Due to solve problem to "sustain" anode gold in the membrane for the shore electrolysis, and thanking again Palladium for the titanium wire and strip, i would like to show you what i tought, so you can tell me what you think about it too, hoping to get usual helps and ideas...

In order to deep gold as anode in membrane, i would like to clear out unfine part where u have to sold a silver or titanium wire to ingot, or alternatively, leaving a piece of it out of solution sustained by climb.

So i tought to use a plastic basket like this:

http://www.usplastic.com/catalog/variant.asp?catalog%5Fname=USPlastic&category%5Fname=21&product%5Fid=12782&variant%5Fid=84080

where i can put into titanium strip making a sort of titanium net.

Then i would like to use titaniun wire solded in one of the top part of strip to connect with the power supply (or to the climb!)

In this way, if it'll work, i can solve not only the "solding wire" one, but i think i can reasonabily clear part to make a solid ingot before dissolving in most times, because i can put directly solid gold in the basket. Part will touch with titanium and part will touch with other solid gold...

Do you think will it works ?
Any suggest about it ?

Thanx.


----------



## OMG (May 12, 2008)

I bet it would work for a while until contaminates in the gold item built up on its surface and disrupted the contact between the titanium and the gold. I'm not sure whether chlorine coming off the titanium would help or hinder the process.

I have some titanium on order and I will try what you are suggesting too.
I'm sure the gold will be the most conductive thing, so the electricity will prefer to go through it.

From my own experiments, I've noticed that the current in electrolysis takes the path of least resistance, and will for example emit more hydrogen from part of the cathode that is closest to the anode.


----------



## ALPHABiT (Jun 8, 2008)

Well...
Test is done.
I made a good and workable membrane chest, but no way to work with titanium.
Strips unfoil during electolisys just like gold.
Used 12V 6A to test.
I'm going to upload some photos.


----------



## ALPHABiT (Jun 9, 2008)

This is titanium strips bed i made to put gold to electrolyze.
Please look at holes at the bottom, and note the "cut" line to the outcoming piece.
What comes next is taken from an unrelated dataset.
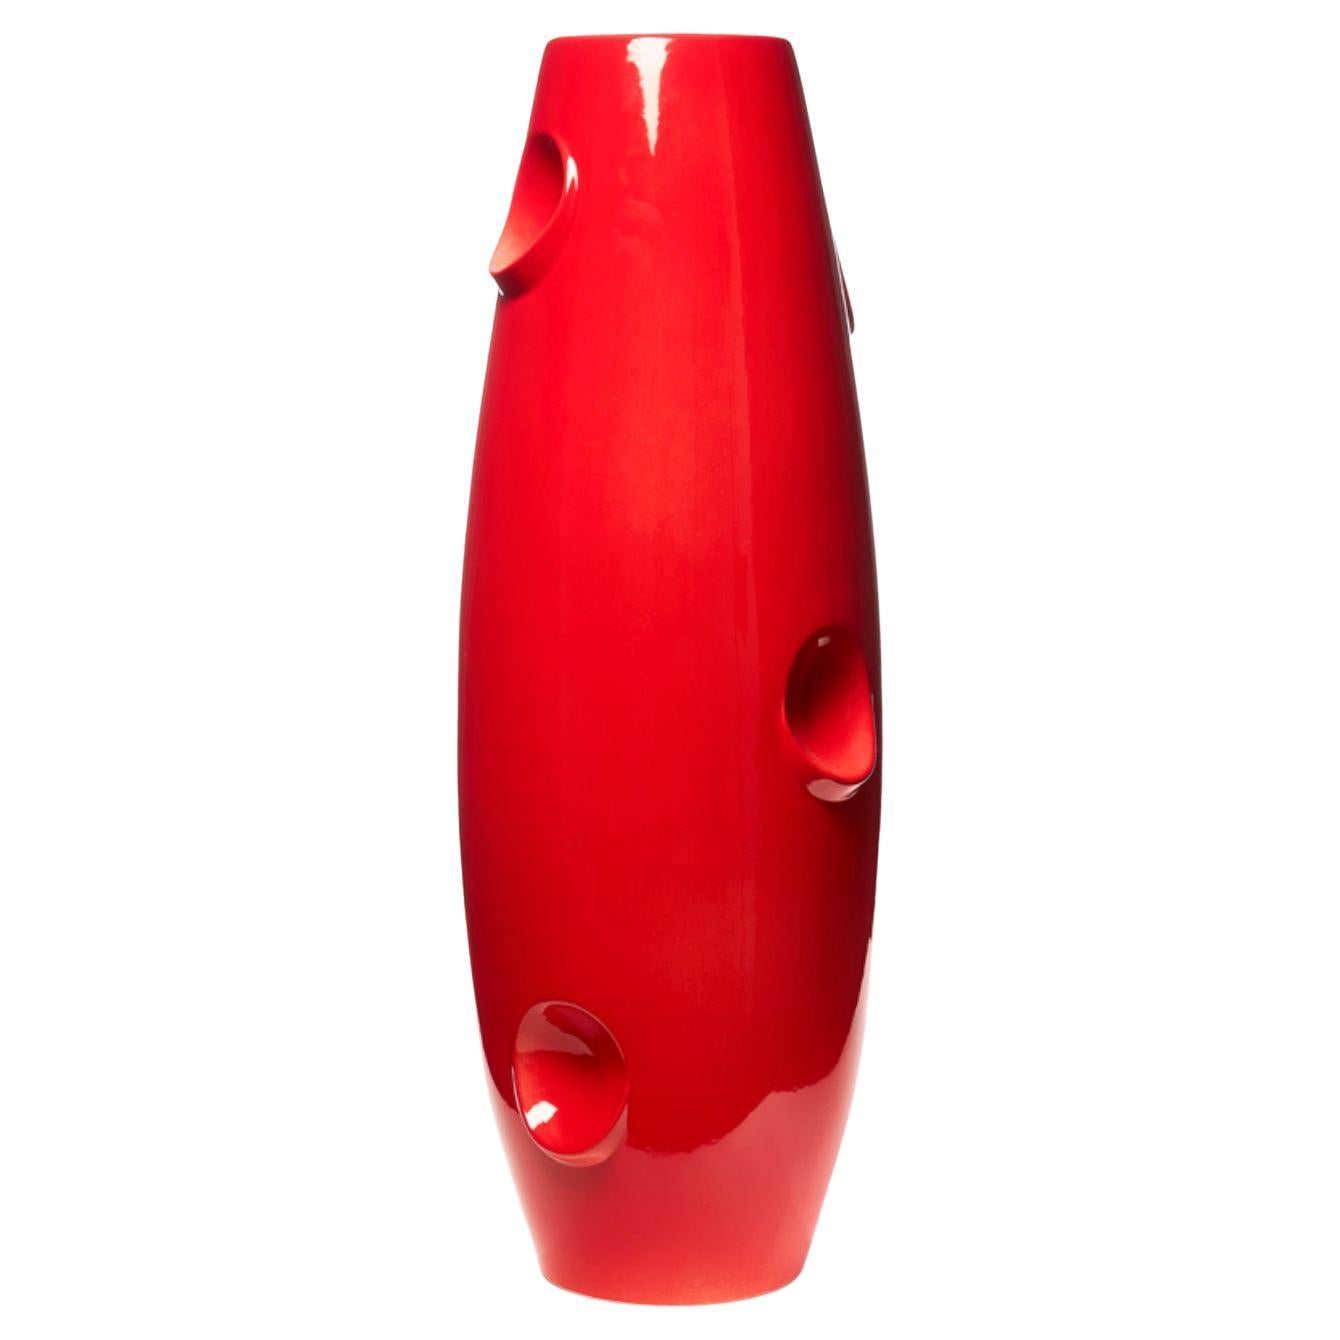 Teresa / Rote Vase von Malwina Konopacka

This is happened after 2 minutes of 6A 12V only.


----------



## ALPHABiT (Jun 9, 2008)

This is membrane i made with plastic basket and item got from Palladium.
It seems it works great.


----------



## OMG (Jun 9, 2008)

I used some titanium in my cell, and it degraded pretty much as quick as anything else. I think its dissolving off as Ti02 powder. The titanium anodes that are used in chlor-alkali plants have some kind of coating on them. Ruthenium oxide or something. They are called DSAs dimensionally stable anodes.
I will see how hard it is to get some of these anodes.


----------